For polygons, we need to make the boundary lines less detailed by removing some of the line points. Make a backup of your shapefiles before you start. One possible method is the use of MapShaper which is an online tool which can be used to generalize geographical data. To use MapShaper, simply upload your shapefile to the site. Then, at the centre bottom you see a slider that starts at 0%. It is usually acceptable to drag it up to about 80%. In the left menu you can check “show original lines” to compare the result and you may want to give a different simplification method a try. When you are happy with the result, click “export” in the top right corner. Then check the first of the four options called “Shapefile - polygons”, click “create” and wait for the download buttons to appear. Now, download the two files to your local computer and overwrite the existing ones. Move on to the next step with your new simplified shapefile.

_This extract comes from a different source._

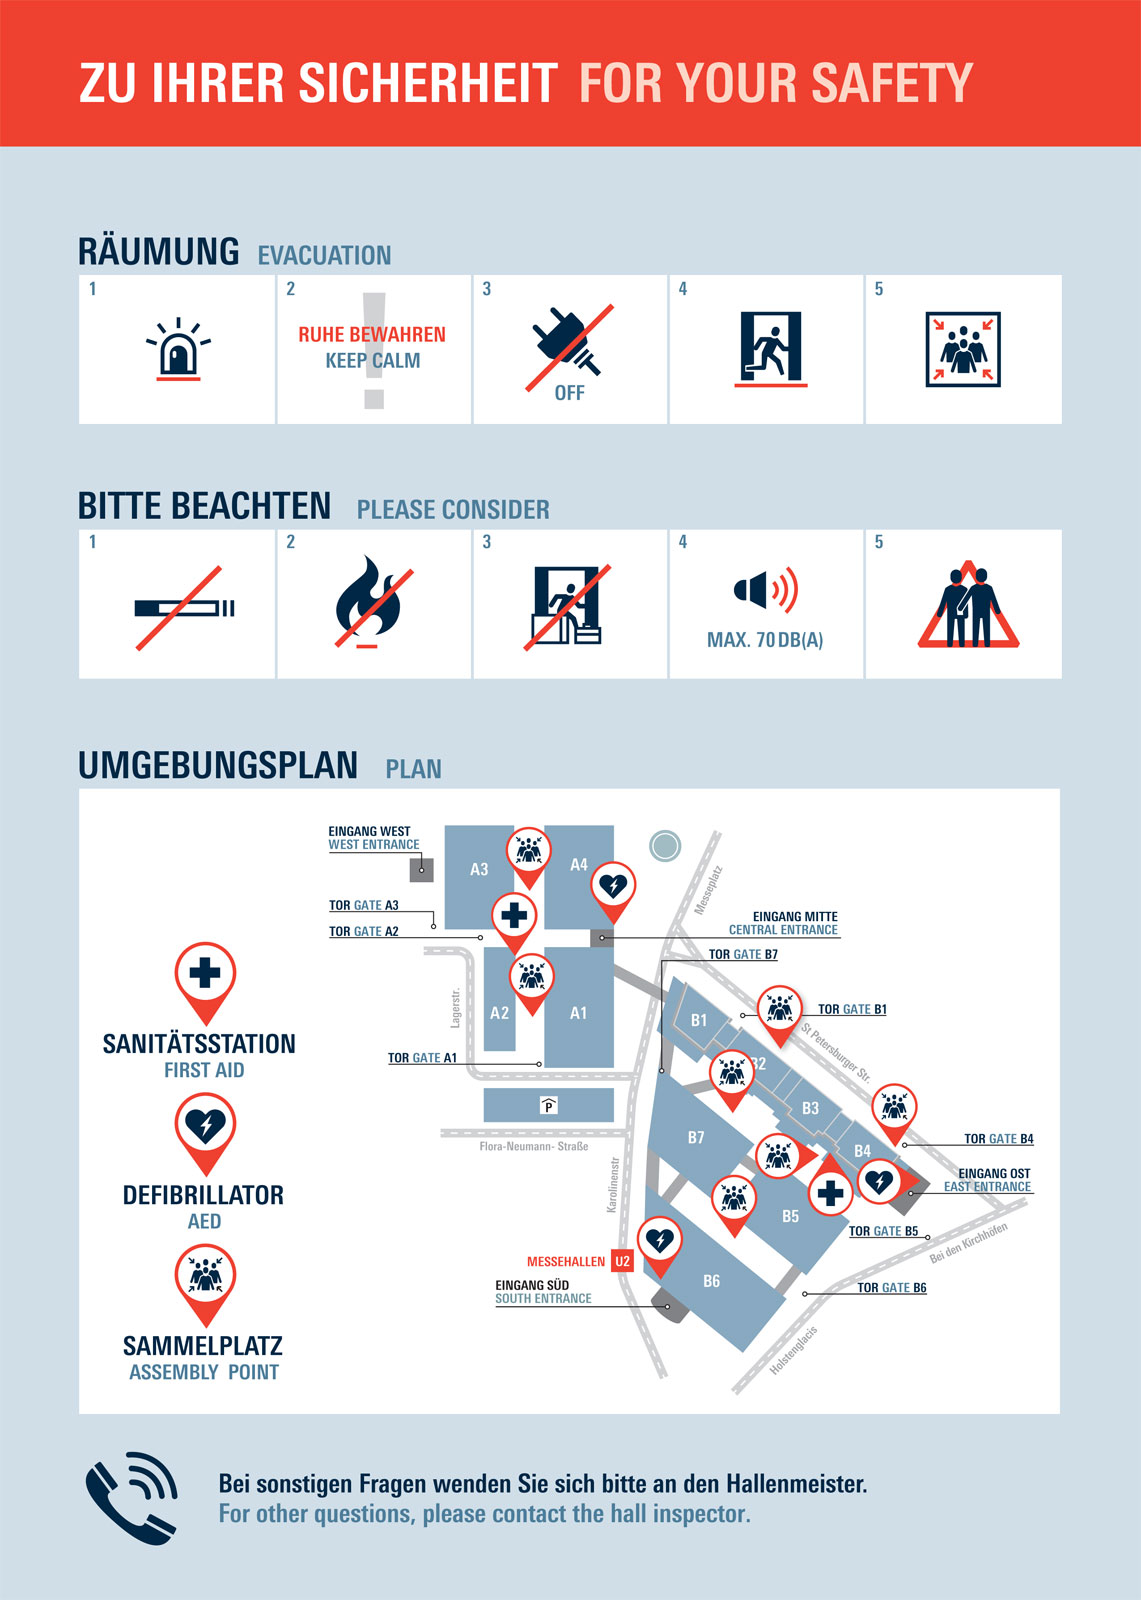 Sicherheitshinweise der Hamburg Messe zur Räumung/Evakuierung

Step 2 - Convert the shapefile to GML
The recommended tool for geographical format conversions is called “ogr2ogr”. This should be available for most Linux distributions
sudo apt-get install gdal-bin
. For Windows, go to
and download “FWTools”, install it and open up the FWTools command shell. During the format conversion we also want to ensure that the output has the correct coordinate projection (called EPSG:4326 with geographic longitude and latitude). For a more detailed reference of geographic coordinates, please refer to this
. If you have already reprojected the geographic data to the geographic latitude/longitude (EPSG:4326) system, there is no need to explicitly define the output coordinate system, assuming that
can determine the input spatial reference system. Note that most shapefiles are using the EPSG:4326 system. You can determine the spatial reference system by executing the following command.
ogrinfo -al -so filename.shp
Assuming that the projection is reported to be EPSG:27700 by
, we can transform it to EPSG:4326 by executing the following command.

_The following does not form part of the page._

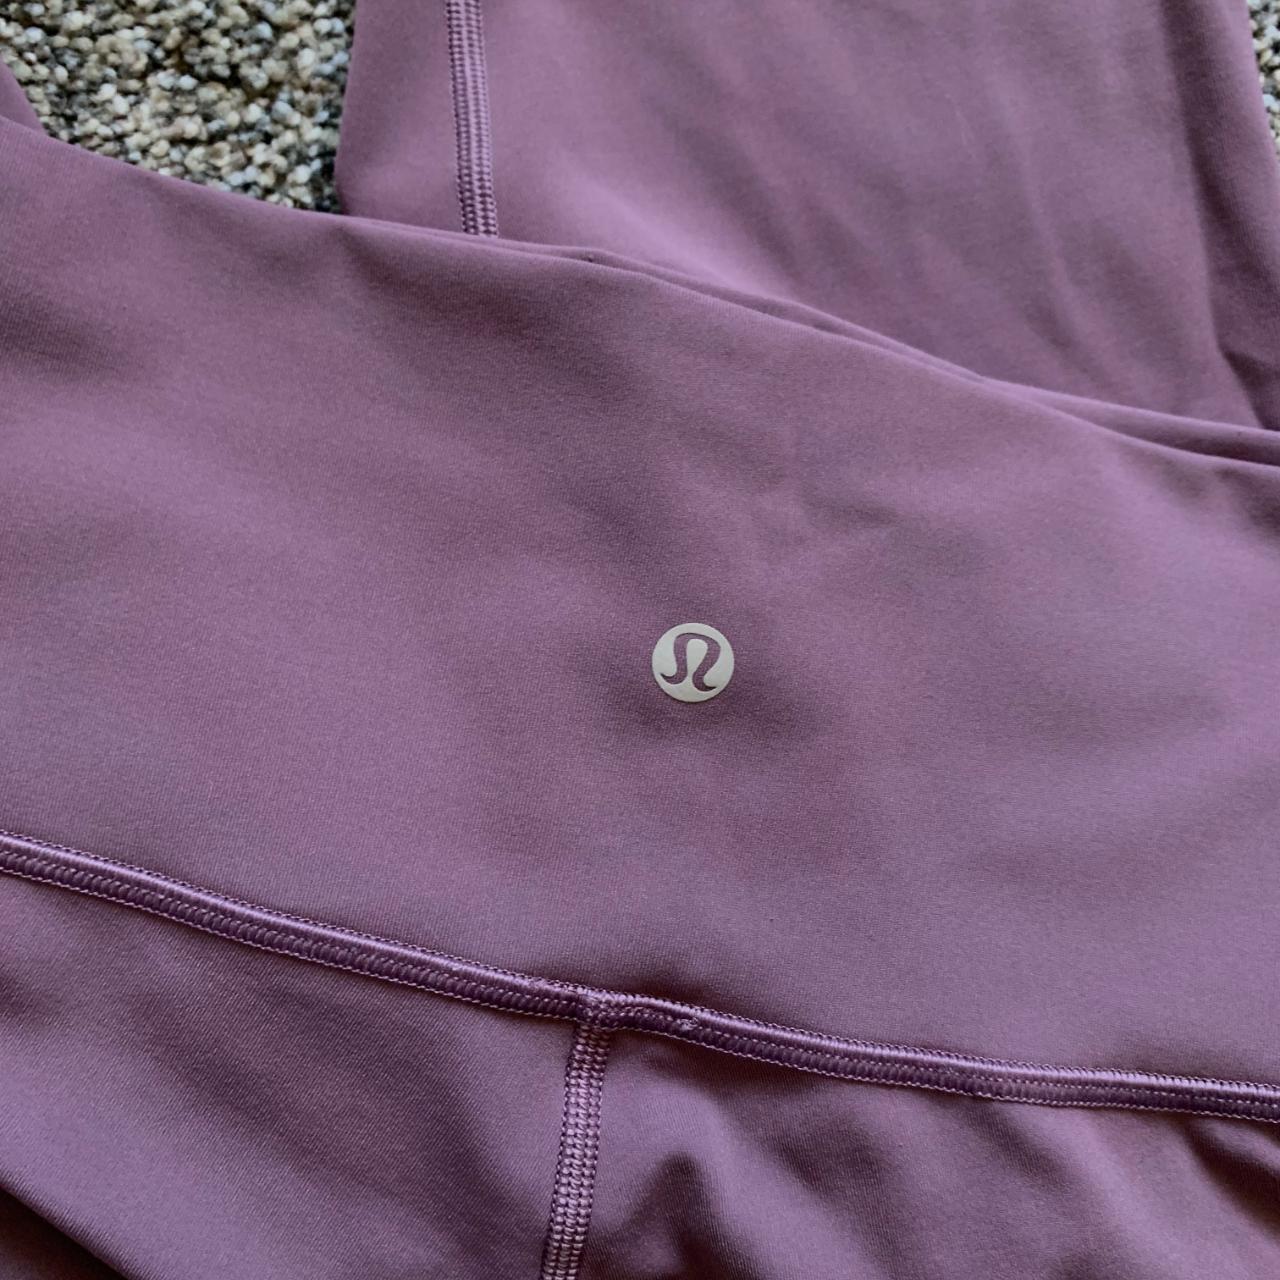 Light purple Lululemon leggings , Worn multiple times

ogr2ogr -s_srs EPSG:27700 -t_srs EPSG:4326 -f GML filename.gml filename.shp
If the geographic data is already in EPSG:4326, you can simply transform the shapefile to GML by executing the following command.
ogr2ogr -f GML filename.gml filename.shp
You will find the created GML file in the same folder as the shapefile.
Step 3 - Prepare the GML file
Unfortunately, the GML file is not ready for importation yet. Open it in a robust text editor like Geany (Linux) or Notepad++ (Windows). GML is an XML based format which means that you will recognize the regular XML tag hierarchy. In the GML file an organisation unit is represented as a <gml:featureMember>. Inside the feature members we usually find a lot of attributes, but we are just going to import their coordinates.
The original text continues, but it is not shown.